Here is the final layout explained:

src/main/groovy - verticles code
    App.groovy - app lancher
src/main/test - verticles tests
web - frontend stuff
build.gradle - gradle script with runVertx task - script for running app on RPI (no compilation)

And a typical development process looks like this:

  • write verticles code (*)
  • write unit tests for verticles (*)
  • run the app on laptop and modify the frontend
  • copy binaries to RPi and run the app from command line

(*) change the order of these two for TDD ;)

The only thing I’m only struggling from is lack of runtime reloading of verticles. Maybe using JRebel could help there but I ain’t got the licence (yet).

You can see my example project here.


I also did some benchmarking of vert.x app on RPI throughput. Sure, you cannot expect that single RPI could handle a lot of transactions per sec, so the test was just for fun. In the test I served a static CSS (bootstrap) and invoked a really simple REST resource (example details/Joe/123 mapping from RouteMatcher). I used siege with 2 and 200 consumers and compared the results between the very.x (1 instance), node.js express and nginx (just for static CSS). I installed node.js 0.8.18 from binaries found here.

Here are the results:

  • It is nice that serving static files is quite as fast as in the nginx. There is a benchmark showing that Monkey web server is a bit faster, but in my environment I wasn’t able to achieve more than 45 req/sec on nginx, so ~40 req/sec on vert.x is really good result.
  • Vert.x seems to be about 2-2.5 times faster than node.js with express. This is similar to Tim Fox’ benchmark with both node.js and vert.x in single instance. (BTW: I have no idea how to get 30k req/sec on a workstation as in Tim’s test).
  • The benchmark shows that RPi is indeed a toy PC - on my workstation it’s really easy to achieve thousands of requests per second. So forget about handling hundreds of requests per seconds on a single RPi instance.

(a bit) Speeding up startup time

The thing that really puts node.js in front is the startup time. Java is slow at both JVM startup and while classloading. My first application deployed on RPi took about 30 sec to start, while on my laptop it was about 2-3 seconds. It is possible to cut it down to 18 seconds, here are a few hints:

  • don’t compile sources directly on RPi - build a jar on your workstation. In my setup I run the server from gradle on my laptop but also have a bash script to run it on raspberry which passes vert.x a -cp parameter pointing to builded jar.
  • don’t run a SockJS server when not needed. It tooks about 5 sec to start. You can disable it by setting bridge to false in mod-web configuration.
  • you can write your own mod-web in just a few lines of code. You will save some milliseconds but also this setup allows you to pass custom RESTful routes to RouteMatcher.

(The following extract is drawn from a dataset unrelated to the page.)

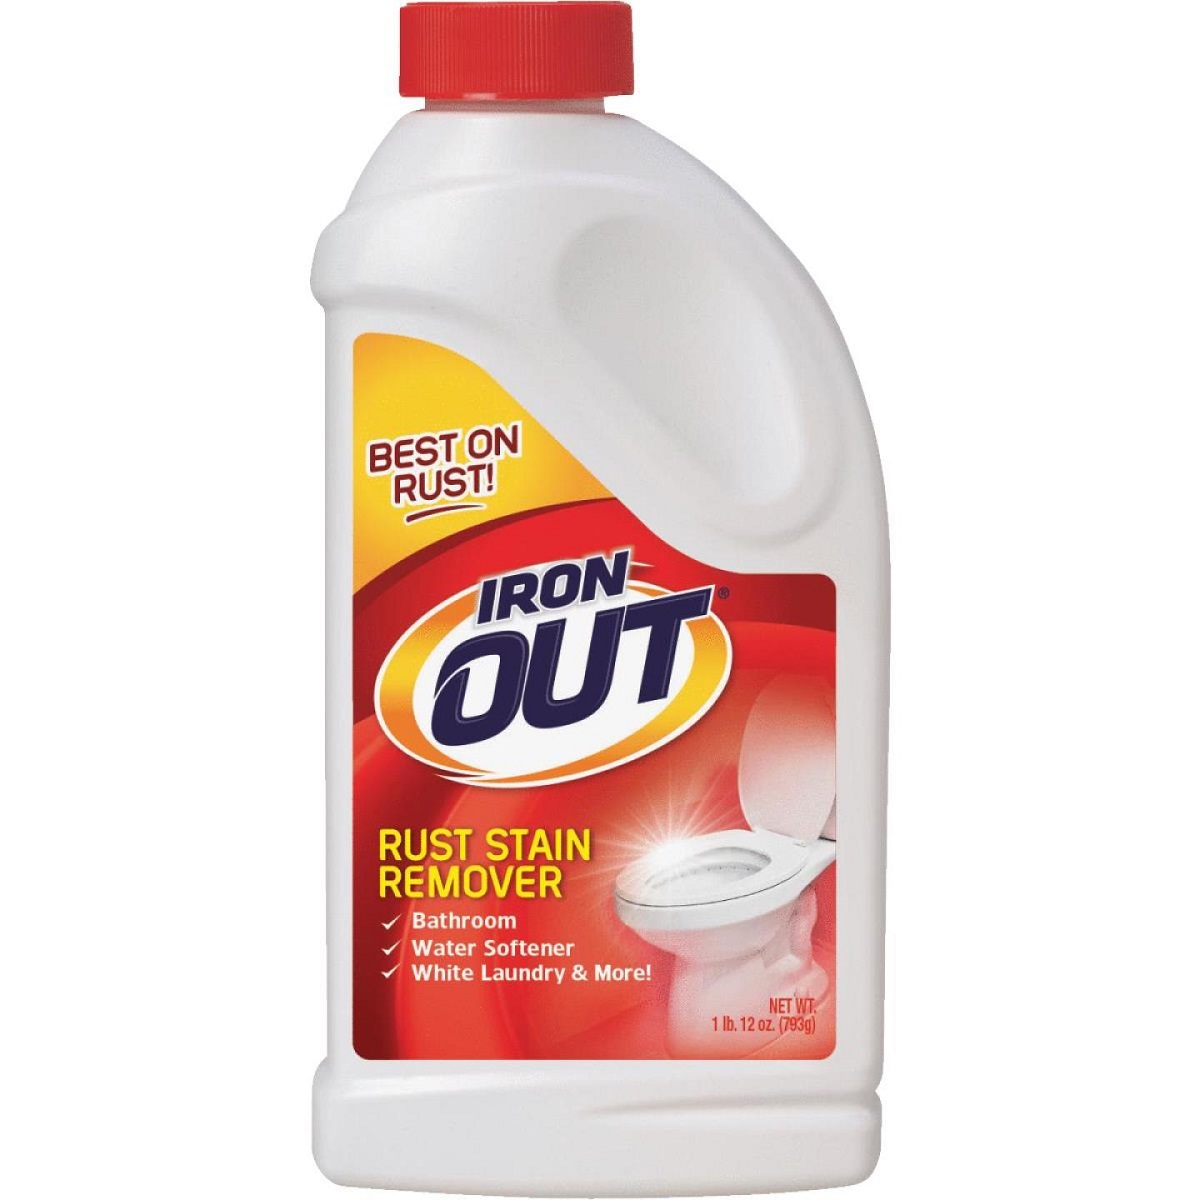 Iron Out 28 Oz. All-Purpose Rust and Stain Remover | Berings

Look at this example:
    def rm = new RouteMatcher()
    rm.get('/details/:user/:id', { HttpServerRequest req ->
        req.response.end "User: ${req.params()['user']} ID: ${req.params()['id']}"
    } as Handler<HttpServerRequest>)

    // Catch / - serve the index page
    rm.get('/', { HttpServerRequest req ->
    } as Handler<HttpServerRequest>)

    // Catch all - just send the file from web directory
    rm.getWithRegEx('.*', { HttpServerRequest req ->
        req.response.sendFile "web/${req.path}"
    } as Handler<HttpServerRequest>)    

To debug the most time consuming steps on app startup, you should configure log4j logging. Vert.x outputs some info about deploying verticles, you can also put your own logging messages. Just copy log4j.jar to vert.x lib directory and add parameter in vert.x startup script.

Sample project

You can check these concepts by cloning a top monitor GitHub project. It is a Dashing-inspired web app showing results from calling a top command by lucid JQuery knobs. Every 2 seconds stats from the top call are pushed through eventBus (and internally by SockJS) to frontend.

The project itself it not smashing, you can just check the structure and the tests when I’m mocking ARM-specific top command results. Enjoy!